Many fundamental questions remain about the roles and effects of stationary forcing on atmospheric blocking. As such, this work utilizes an idealized moist general circulation model (GCM) to investigate atmospheric blocking in terms of dynamics, geographical location, and duration. The model is first configured as an aquaplanet, then orography is added in separate integrations. Block-centered composites of wave activity fluxes and height show that blocks in the aquaplanet undergo a realistic dynamical evolution when compared to reanalysis. Blocks in the aquaplanet are also found to have similar life cycles to blocks in model integrations with orography. These results affirm the usefulness of both zonally symmetric and asymmetric idealized model configurations for studying blocking. Adding orography to the model leads to an increase in blocking.

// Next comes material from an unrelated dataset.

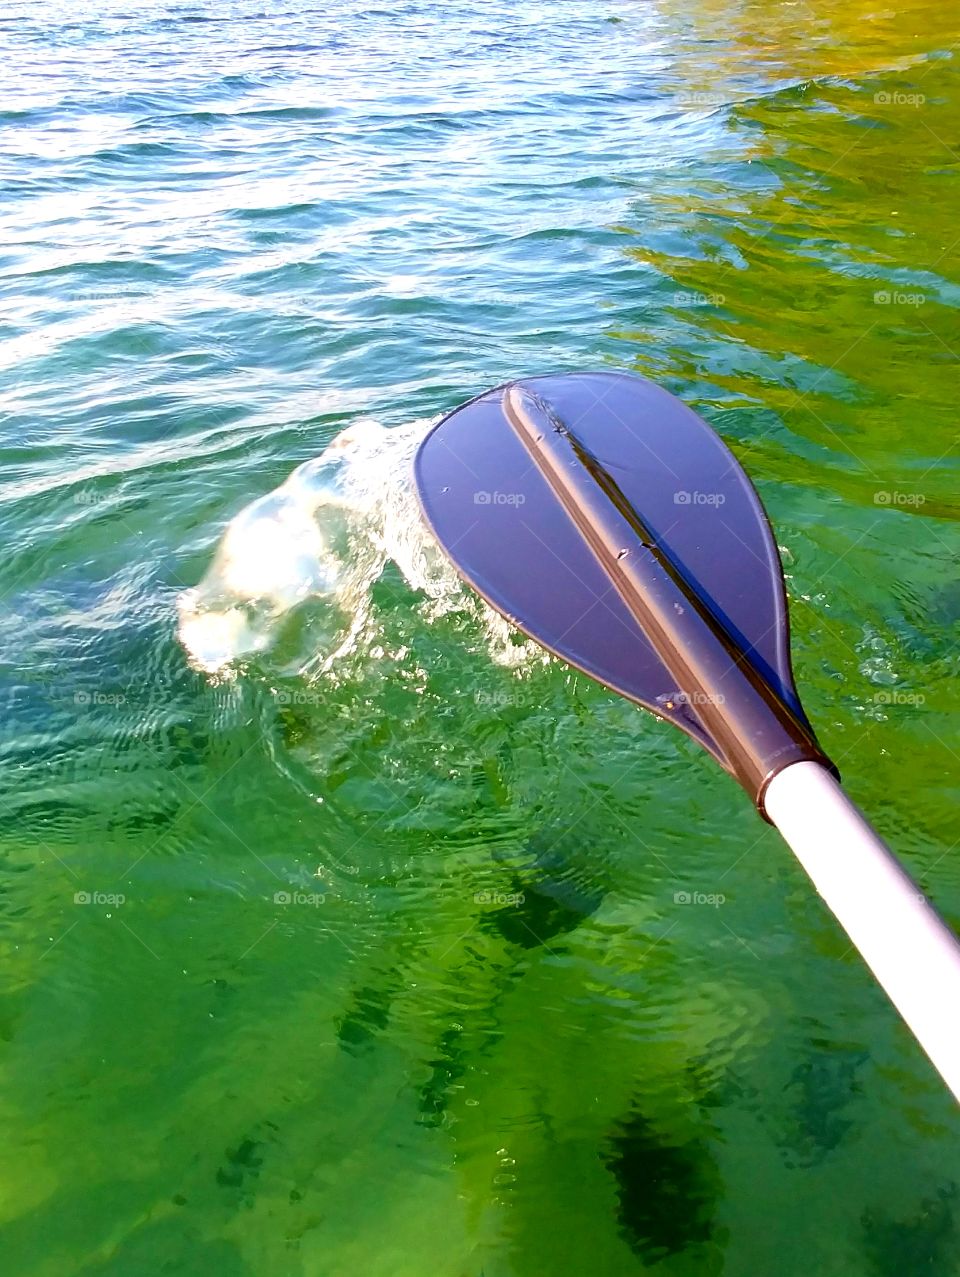 My oar kicks up the salty water.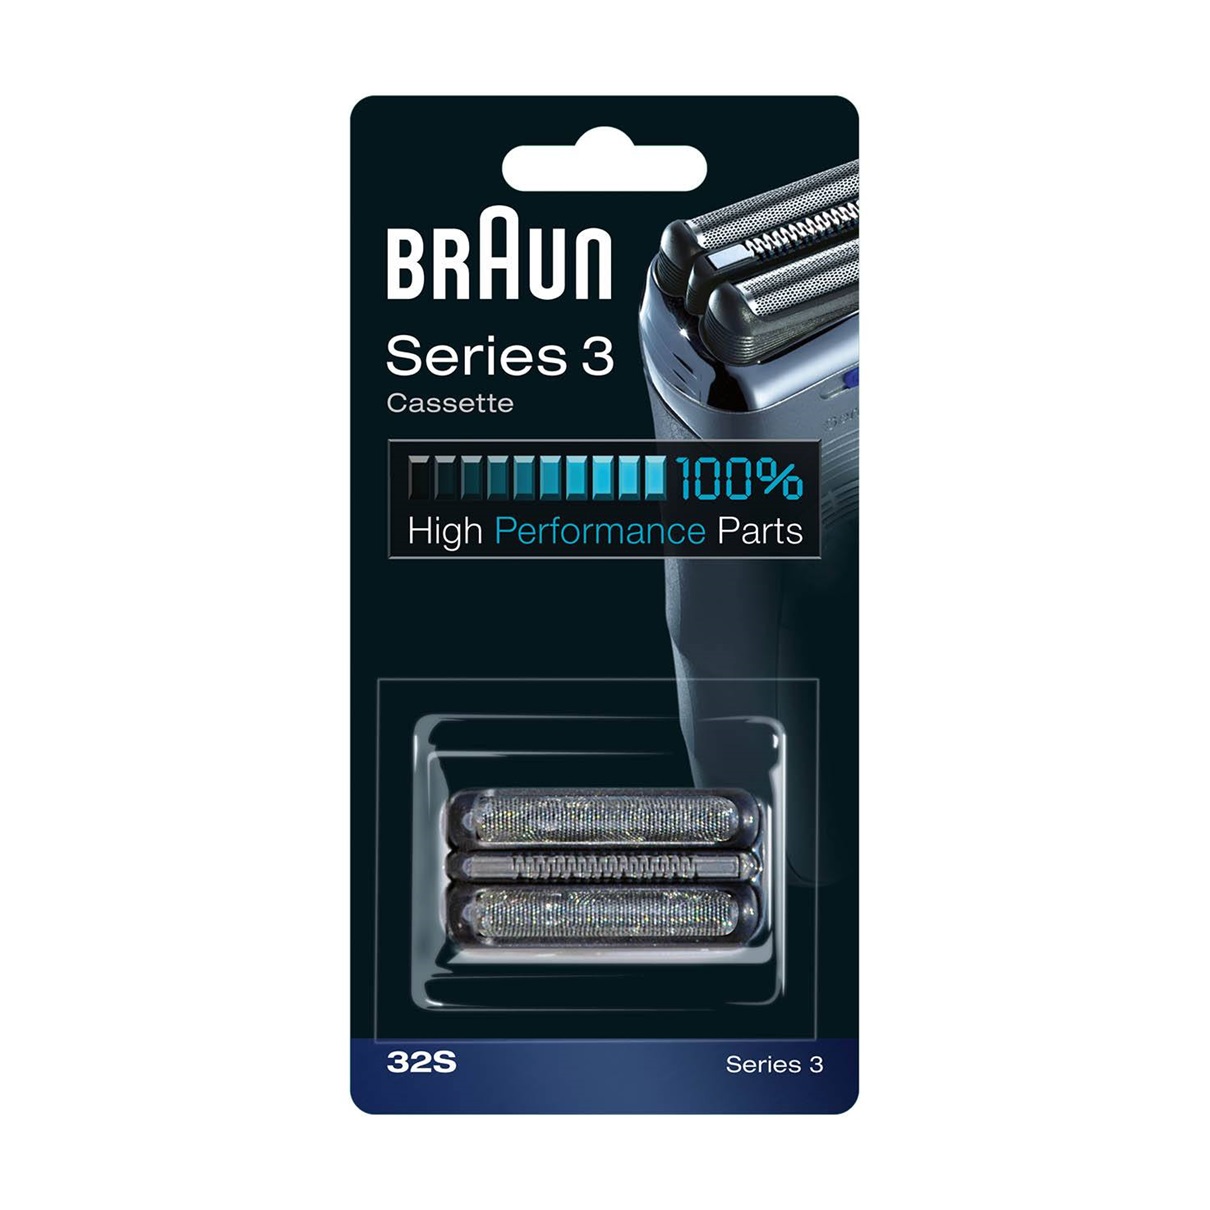 Сетка и режущий блок для бритв Braun 32S сетка и режущий блок braun s5 52b black черная

This mirrors what is observed when comparing the Northern Hemisphere (NH) and Southern Hemisphere (SH), where the NH contains more orography and thus more blocking. As the prescribed mountain height increases, so do the magnitude and size of climatological stationary waves, resulting in more blocking overall. Increases in blocking, however, are not spatially uniform. Orography is found to induce regions of enhanced block frequency just upstream of mountains, near high pressure anomalies in the stationary waves, which is poleward of climatological minima in upper-level zonal wind, while block frequency minima and jet maxima occur eastward of the wave trough. This result matches what is observed near the Rocky Mountains. Finally, an analysis of block duration suggests blocks generated near stationary wave maxima last slightly longer than blocks that form far from or without orography. Overall, the results of this work help to explain some of the observed similarities and differences in blocking between the NH and SH and emphasize the importance of general circulation features in setting where blocks most frequently occur.